The task: Skip every picture, and output exactly the lines starting at the one with "Björn Lugthart heeft" and running through the last line of the material below.

Raw data:

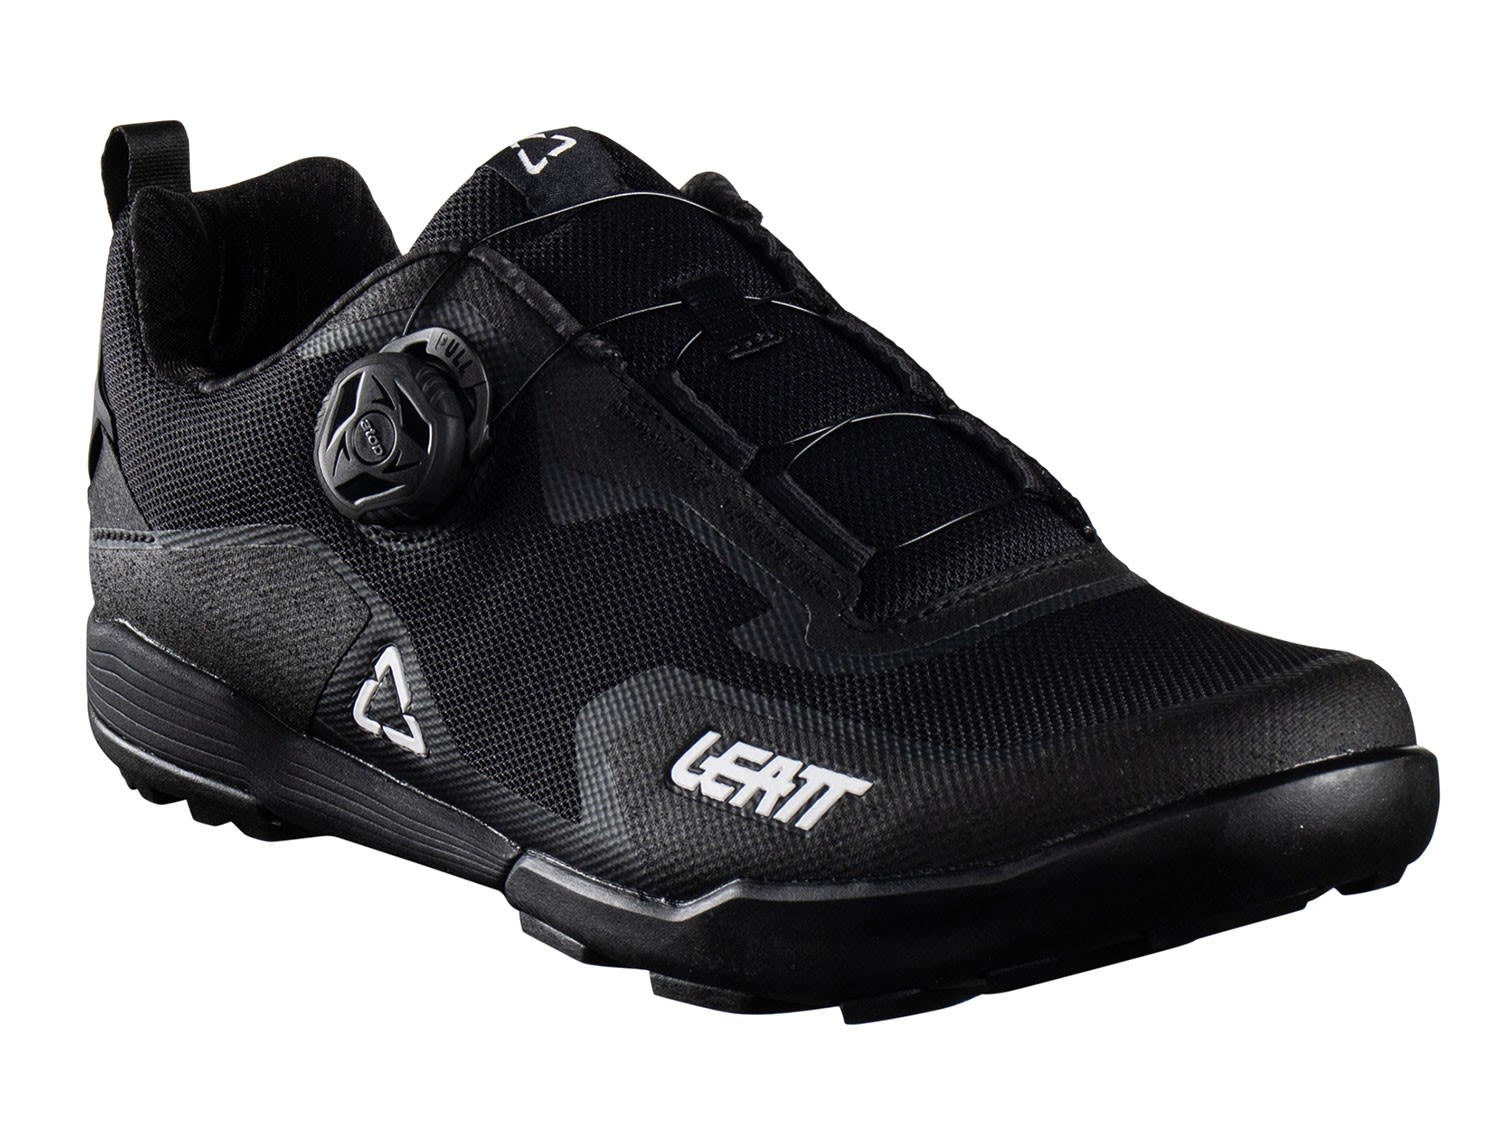 Leatt 6-0 Klickpedal Shoe Schwarz- All-Mountain-Trekking- Grsse EU 40 - Farbe Black
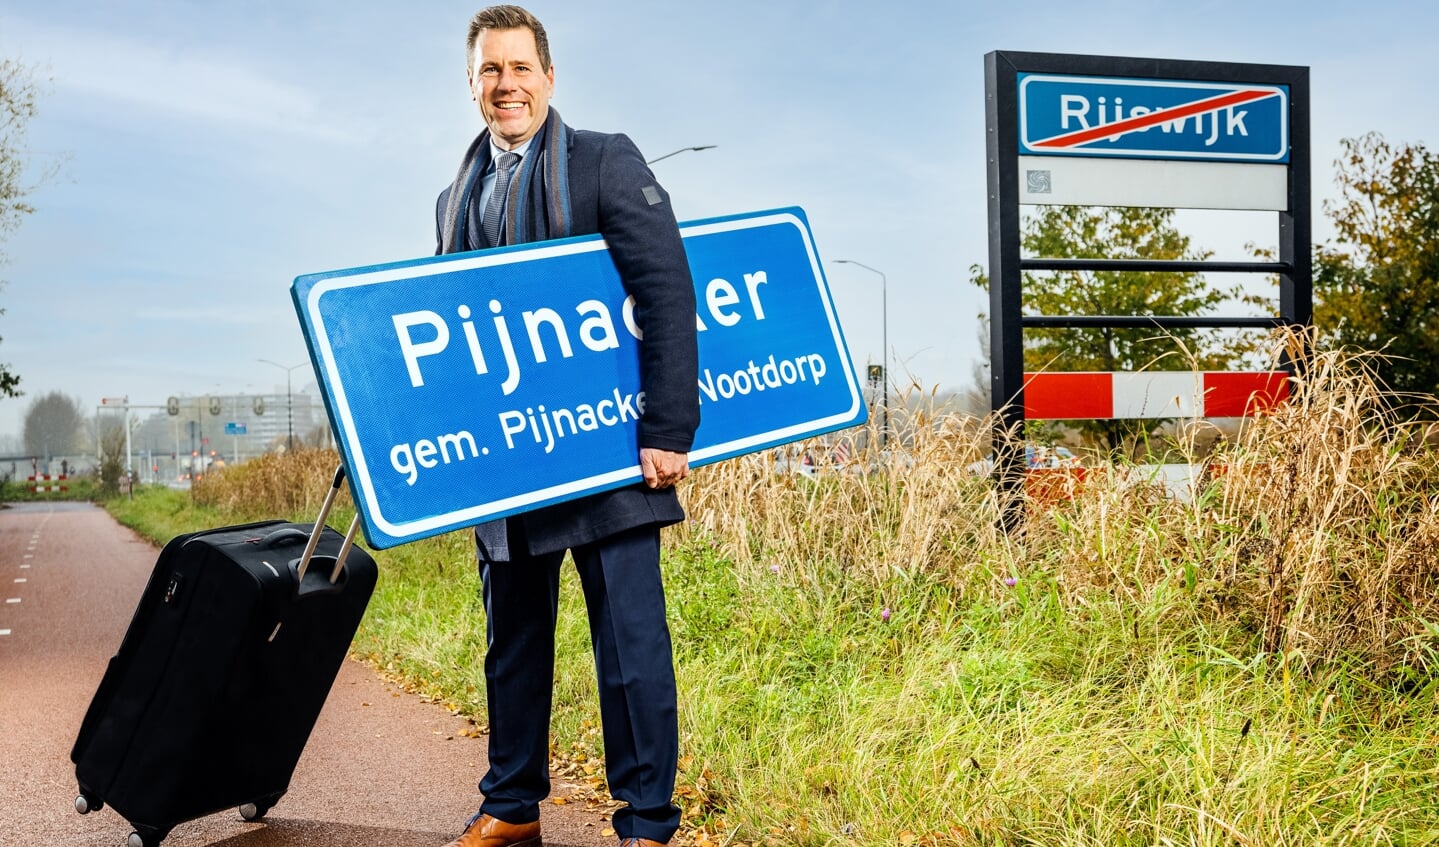 Björn Lugthart heeft Rijswijk verruild voor Pijnacker-Nootdorp, maar hij blijft daar nog wel wonen zo lang hij in zijn nieuwe gemeente nog geen woning kan vinden. De raad geeft hem daar een jaar de tijd voor. (foto Remie Kranendonk)
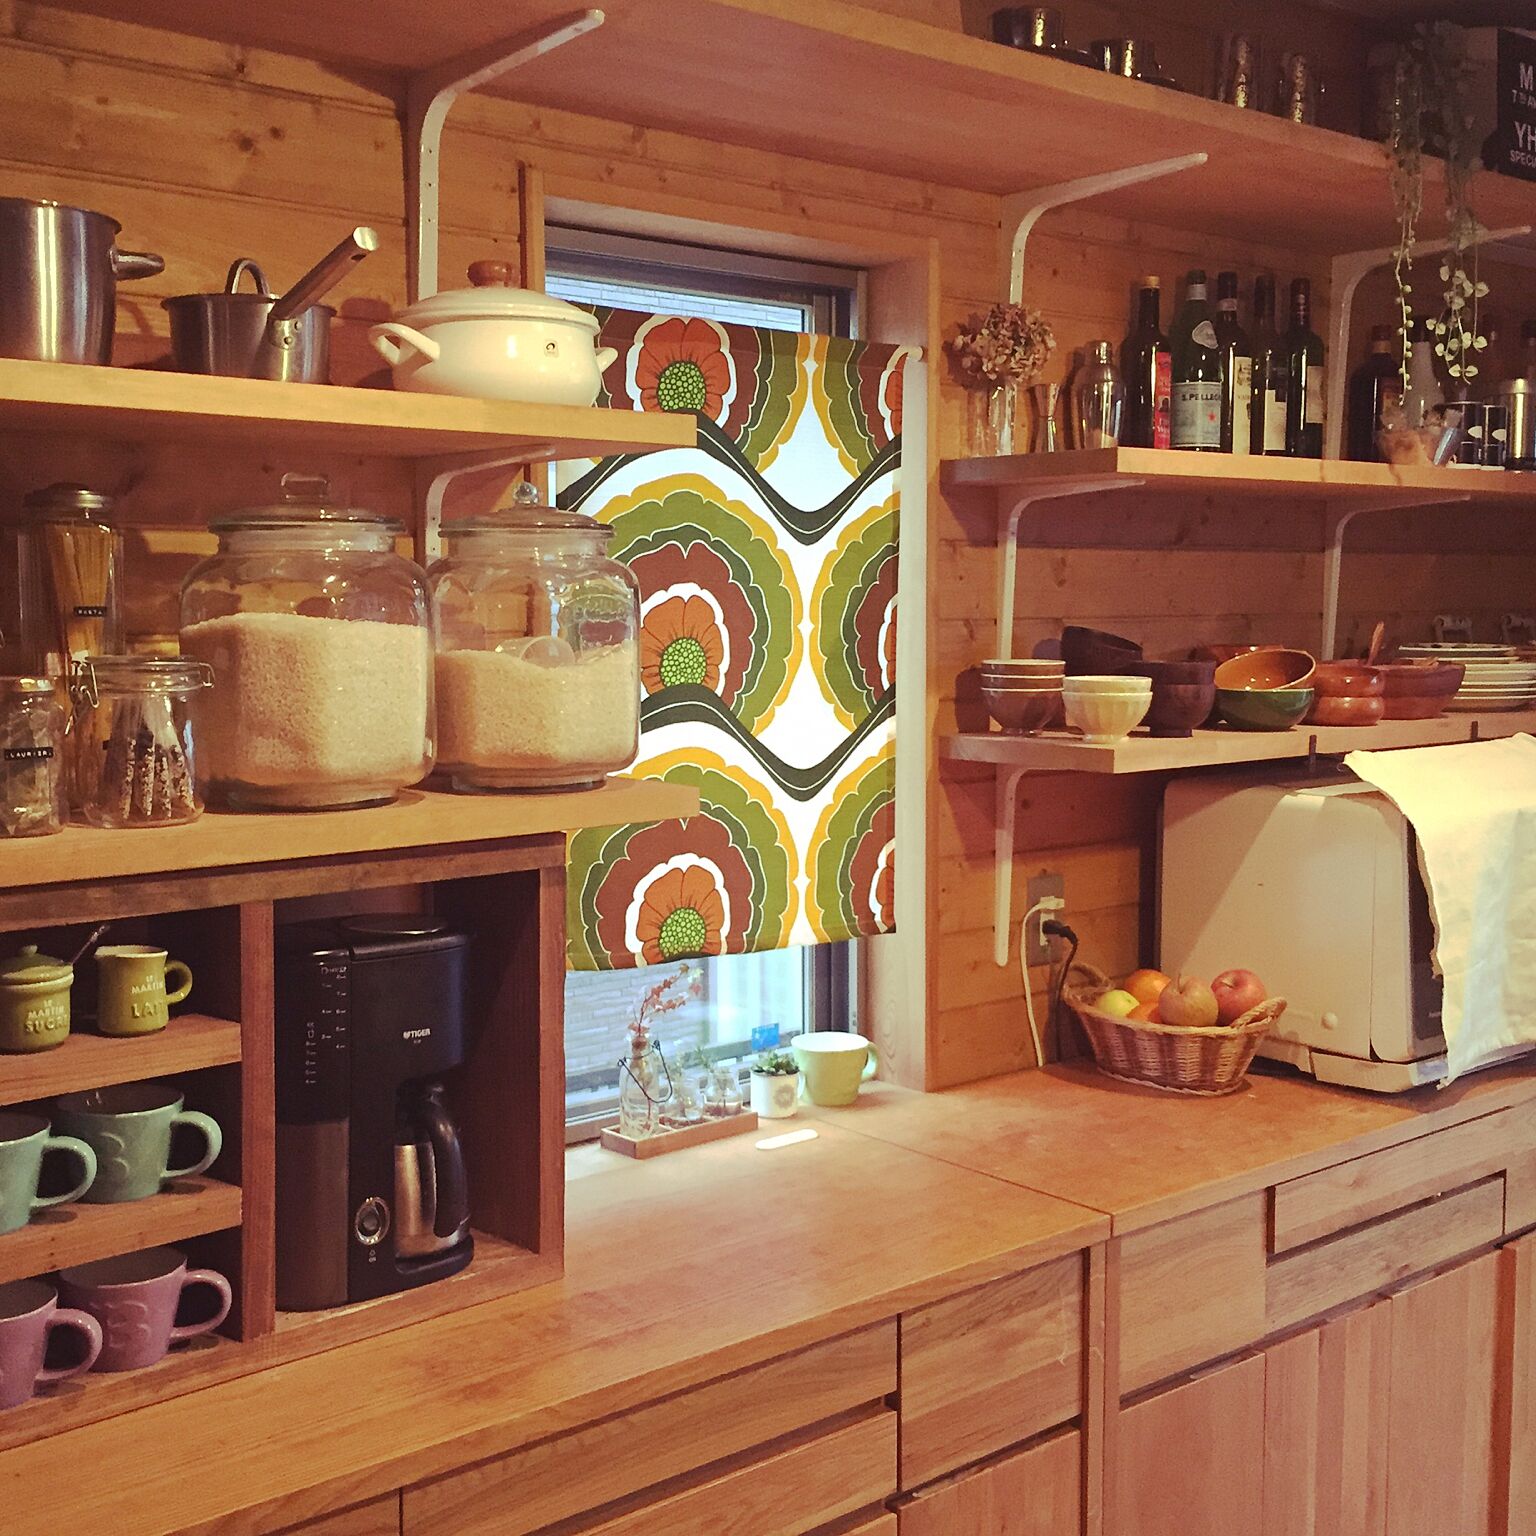 食器や調味料の定位置を作って使ったら戻すように心がけると、いつもきれいなキッチンが保てます。ガラスで食料品を入れる容器を統一しているのもいいですね。
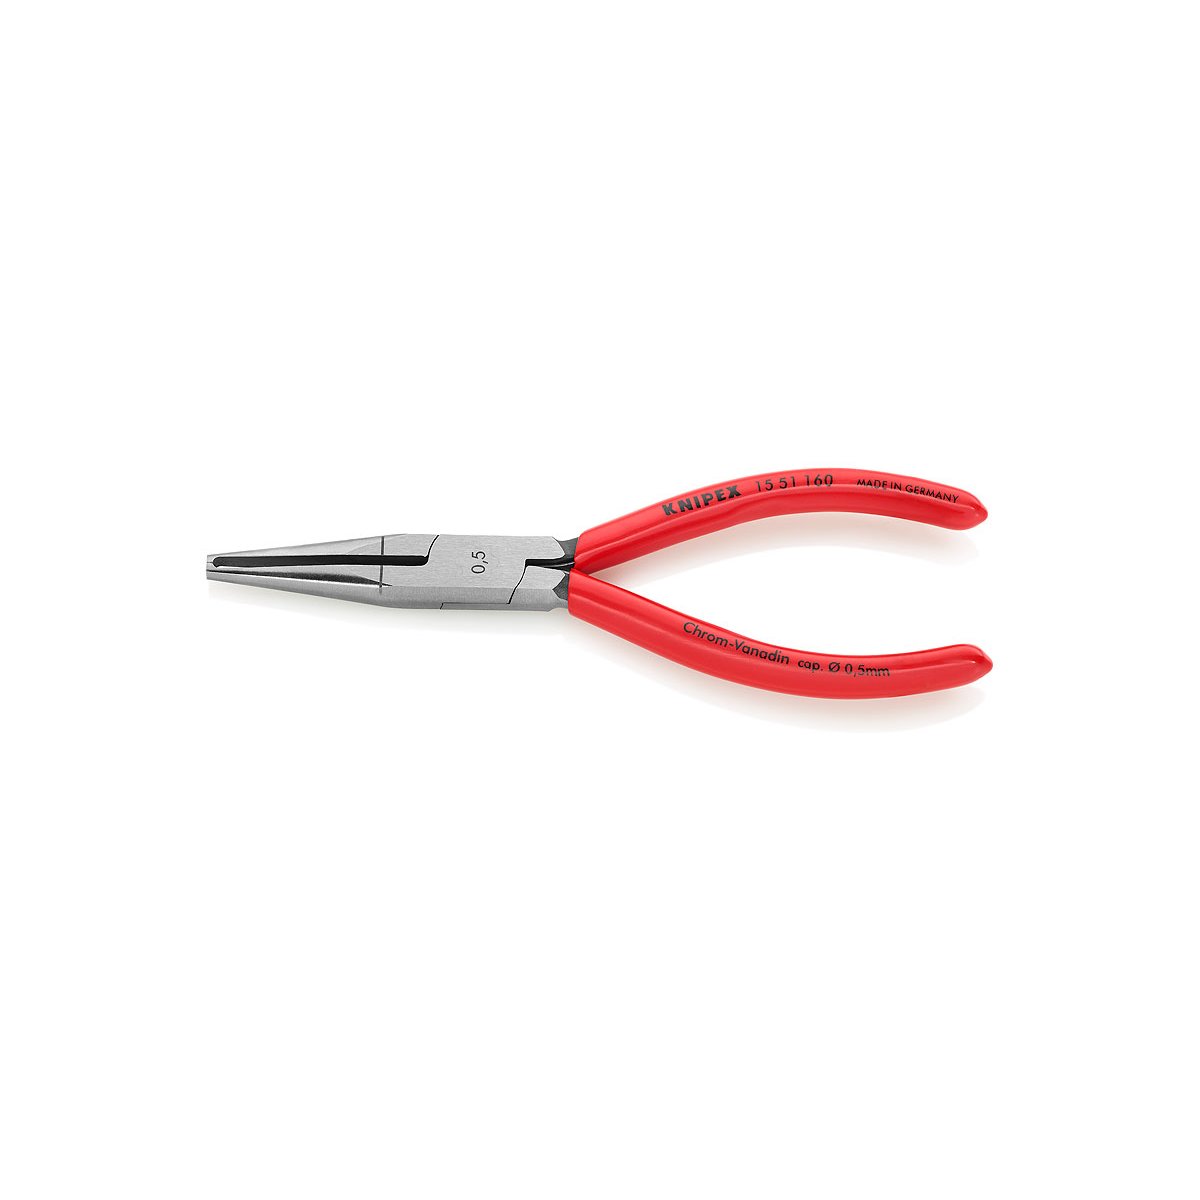 Стриппер для тонких кабелей, Ø 0.5 мм, прецизионная призма, 160 мм, обливные ручки

Task response:
 Björn Lugthart heeft Rijswijk verruild voor Pijnacker-Nootdorp, maar hij blijft daar nog wel wonen zo lang hij in zijn nieuwe gemeente nog geen woning kan vinden. De raad geeft hem daar een jaar de tijd voor. (foto Remie Kranendonk)
 食器や調味料の定位置を作って使ったら戻すように心がけると、いつもきれいなキッチンが保てます。ガラスで食料品を入れる容器を統一しているのもいいですね。
 Стриппер для тонких кабелей, Ø 0.5 мм, прецизионная призма, 160 мм, обливные ручки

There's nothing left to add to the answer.